◆ **EXERCISE DIRECTIONS**: Scan the material for the word "Floral" and copy each line where it occurs.

** Opening DATA EXCERPTS block **

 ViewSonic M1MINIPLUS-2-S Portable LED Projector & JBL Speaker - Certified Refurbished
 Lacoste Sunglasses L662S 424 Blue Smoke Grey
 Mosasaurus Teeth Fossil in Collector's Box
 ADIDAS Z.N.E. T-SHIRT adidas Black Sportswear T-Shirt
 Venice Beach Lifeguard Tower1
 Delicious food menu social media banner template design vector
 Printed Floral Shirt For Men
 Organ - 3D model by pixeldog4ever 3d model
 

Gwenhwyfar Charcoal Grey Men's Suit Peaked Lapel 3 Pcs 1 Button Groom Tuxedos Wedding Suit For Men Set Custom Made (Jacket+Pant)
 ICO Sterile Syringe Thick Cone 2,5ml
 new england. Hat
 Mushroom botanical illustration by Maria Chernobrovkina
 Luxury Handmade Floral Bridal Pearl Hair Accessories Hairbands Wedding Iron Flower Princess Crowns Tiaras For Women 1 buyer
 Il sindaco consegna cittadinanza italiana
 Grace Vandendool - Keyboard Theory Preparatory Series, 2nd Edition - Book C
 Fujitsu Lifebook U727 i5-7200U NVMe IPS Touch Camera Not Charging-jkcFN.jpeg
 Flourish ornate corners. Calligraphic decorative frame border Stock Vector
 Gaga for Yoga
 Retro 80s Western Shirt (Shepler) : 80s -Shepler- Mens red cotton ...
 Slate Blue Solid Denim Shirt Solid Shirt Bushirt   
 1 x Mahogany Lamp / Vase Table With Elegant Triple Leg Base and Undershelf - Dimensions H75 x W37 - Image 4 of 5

** Closing DATA EXCERPTS block **

◆ **COMPLETED TASK**:
 Printed Floral Shirt For Men
 Luxury Handmade Floral Bridal Pearl Hair Accessories Hairbands Wedding Iron Flower Princess Crowns Tiaras For Women 1 buyer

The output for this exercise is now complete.